## What the exercise asks
Look for the line that has "Iriscent Beaded One" in the material below; please repeat it and every line after it, exactly, up to and including the line that has "Gray 1930 Ford", and nothing else.

## Task material
============
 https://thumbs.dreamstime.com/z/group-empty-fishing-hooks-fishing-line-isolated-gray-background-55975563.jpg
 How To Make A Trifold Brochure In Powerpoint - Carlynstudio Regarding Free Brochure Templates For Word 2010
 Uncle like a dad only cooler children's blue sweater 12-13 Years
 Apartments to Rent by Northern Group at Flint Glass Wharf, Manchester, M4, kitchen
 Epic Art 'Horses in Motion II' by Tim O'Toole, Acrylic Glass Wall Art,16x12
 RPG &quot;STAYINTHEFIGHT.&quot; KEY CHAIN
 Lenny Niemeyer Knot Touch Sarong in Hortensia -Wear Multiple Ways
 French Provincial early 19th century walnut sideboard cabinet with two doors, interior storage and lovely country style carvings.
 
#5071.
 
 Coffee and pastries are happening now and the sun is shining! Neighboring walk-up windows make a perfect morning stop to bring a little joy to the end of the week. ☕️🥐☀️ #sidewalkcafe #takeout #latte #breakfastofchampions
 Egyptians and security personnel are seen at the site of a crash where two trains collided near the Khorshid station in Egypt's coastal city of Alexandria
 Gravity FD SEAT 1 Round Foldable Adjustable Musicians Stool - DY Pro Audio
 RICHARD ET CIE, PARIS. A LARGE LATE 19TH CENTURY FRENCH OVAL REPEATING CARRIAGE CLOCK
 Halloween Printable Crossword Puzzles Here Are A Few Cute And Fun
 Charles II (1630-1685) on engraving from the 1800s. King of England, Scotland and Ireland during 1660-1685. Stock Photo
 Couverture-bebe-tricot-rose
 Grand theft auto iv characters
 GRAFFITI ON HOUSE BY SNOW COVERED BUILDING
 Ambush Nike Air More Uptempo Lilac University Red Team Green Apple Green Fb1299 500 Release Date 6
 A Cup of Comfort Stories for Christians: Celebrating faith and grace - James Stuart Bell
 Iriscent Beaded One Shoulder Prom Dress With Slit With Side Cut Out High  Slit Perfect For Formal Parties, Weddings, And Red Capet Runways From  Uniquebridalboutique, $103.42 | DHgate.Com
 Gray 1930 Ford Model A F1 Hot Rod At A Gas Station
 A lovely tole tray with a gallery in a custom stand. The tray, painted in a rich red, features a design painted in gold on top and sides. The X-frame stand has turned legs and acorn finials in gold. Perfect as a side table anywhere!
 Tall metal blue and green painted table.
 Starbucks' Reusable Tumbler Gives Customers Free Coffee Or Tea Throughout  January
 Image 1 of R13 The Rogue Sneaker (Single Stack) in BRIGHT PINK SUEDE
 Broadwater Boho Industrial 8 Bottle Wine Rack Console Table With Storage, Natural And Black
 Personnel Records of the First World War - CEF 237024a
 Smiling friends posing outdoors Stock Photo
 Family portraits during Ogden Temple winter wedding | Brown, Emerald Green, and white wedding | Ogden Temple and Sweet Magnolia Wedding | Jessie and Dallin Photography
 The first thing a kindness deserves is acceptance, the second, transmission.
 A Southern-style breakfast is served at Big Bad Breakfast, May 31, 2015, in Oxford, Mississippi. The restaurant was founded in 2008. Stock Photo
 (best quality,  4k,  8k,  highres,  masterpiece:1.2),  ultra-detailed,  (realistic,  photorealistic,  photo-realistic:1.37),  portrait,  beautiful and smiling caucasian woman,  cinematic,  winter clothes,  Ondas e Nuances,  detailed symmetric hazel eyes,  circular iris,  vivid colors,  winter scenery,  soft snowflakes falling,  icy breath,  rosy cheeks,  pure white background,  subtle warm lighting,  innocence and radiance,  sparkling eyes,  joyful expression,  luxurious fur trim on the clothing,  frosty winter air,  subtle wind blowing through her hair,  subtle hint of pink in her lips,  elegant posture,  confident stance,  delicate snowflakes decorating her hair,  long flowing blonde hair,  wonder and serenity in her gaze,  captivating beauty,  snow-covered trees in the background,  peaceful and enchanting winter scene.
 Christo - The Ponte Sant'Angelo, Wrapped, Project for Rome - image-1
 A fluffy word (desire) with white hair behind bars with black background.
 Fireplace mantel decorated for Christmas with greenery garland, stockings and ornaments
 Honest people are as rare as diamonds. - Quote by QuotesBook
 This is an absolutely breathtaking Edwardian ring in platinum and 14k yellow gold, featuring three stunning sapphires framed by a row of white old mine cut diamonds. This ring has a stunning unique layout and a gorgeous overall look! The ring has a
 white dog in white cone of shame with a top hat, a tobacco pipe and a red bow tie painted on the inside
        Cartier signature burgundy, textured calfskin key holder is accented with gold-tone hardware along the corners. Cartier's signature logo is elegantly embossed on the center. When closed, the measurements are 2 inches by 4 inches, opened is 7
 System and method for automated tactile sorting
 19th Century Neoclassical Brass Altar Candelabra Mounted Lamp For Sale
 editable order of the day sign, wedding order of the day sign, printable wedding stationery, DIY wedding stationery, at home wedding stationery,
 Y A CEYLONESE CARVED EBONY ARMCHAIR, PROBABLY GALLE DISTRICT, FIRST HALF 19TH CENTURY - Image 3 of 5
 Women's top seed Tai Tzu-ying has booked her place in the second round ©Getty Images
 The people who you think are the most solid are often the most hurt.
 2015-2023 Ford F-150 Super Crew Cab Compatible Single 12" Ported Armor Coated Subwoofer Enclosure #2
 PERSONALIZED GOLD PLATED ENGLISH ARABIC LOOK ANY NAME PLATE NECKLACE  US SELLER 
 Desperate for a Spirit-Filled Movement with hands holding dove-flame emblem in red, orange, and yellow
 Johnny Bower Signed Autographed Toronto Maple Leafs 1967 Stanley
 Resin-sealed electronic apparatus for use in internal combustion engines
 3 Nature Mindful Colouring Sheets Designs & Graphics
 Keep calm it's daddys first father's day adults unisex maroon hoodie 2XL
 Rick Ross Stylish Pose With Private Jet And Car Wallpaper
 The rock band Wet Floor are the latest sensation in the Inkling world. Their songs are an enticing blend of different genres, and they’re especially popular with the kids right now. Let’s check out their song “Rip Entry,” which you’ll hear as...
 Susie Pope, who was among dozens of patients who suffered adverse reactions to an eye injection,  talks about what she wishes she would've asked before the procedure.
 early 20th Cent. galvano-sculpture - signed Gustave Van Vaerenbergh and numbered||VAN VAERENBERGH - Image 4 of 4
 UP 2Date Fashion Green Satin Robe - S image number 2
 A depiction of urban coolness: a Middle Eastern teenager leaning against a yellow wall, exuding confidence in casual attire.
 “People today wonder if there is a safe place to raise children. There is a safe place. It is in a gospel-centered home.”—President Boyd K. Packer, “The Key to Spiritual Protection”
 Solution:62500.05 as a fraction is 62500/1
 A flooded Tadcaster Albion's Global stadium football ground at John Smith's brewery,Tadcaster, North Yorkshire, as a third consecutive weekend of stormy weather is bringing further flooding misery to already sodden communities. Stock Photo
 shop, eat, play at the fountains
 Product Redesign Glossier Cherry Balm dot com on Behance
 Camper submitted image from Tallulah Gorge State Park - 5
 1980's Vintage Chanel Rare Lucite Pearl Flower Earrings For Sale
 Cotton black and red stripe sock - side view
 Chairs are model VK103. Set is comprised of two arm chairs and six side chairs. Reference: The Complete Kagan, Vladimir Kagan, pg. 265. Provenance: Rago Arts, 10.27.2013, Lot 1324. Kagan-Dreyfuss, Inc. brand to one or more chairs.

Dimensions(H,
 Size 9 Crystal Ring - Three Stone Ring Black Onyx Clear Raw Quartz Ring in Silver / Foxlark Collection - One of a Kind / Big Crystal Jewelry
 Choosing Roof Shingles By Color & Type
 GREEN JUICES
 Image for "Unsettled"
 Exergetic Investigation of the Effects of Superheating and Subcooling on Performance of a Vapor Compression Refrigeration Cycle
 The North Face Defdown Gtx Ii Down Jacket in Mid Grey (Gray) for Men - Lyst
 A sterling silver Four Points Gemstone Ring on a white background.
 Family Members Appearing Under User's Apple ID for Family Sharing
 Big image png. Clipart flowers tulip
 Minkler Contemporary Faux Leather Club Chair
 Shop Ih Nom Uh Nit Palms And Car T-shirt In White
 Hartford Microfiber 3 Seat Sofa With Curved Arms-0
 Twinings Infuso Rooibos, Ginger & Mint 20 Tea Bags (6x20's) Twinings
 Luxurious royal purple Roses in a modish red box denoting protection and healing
============
## Completed exercise
 Iriscent Beaded One Shoulder Prom Dress With Slit With Side Cut Out High  Slit Perfect For Formal Parties, Weddings, And Red Capet Runways From  Uniquebridalboutique, $103.42 | DHgate.Com
 Gray 1930 Ford Model A F1 Hot Rod At A Gas Station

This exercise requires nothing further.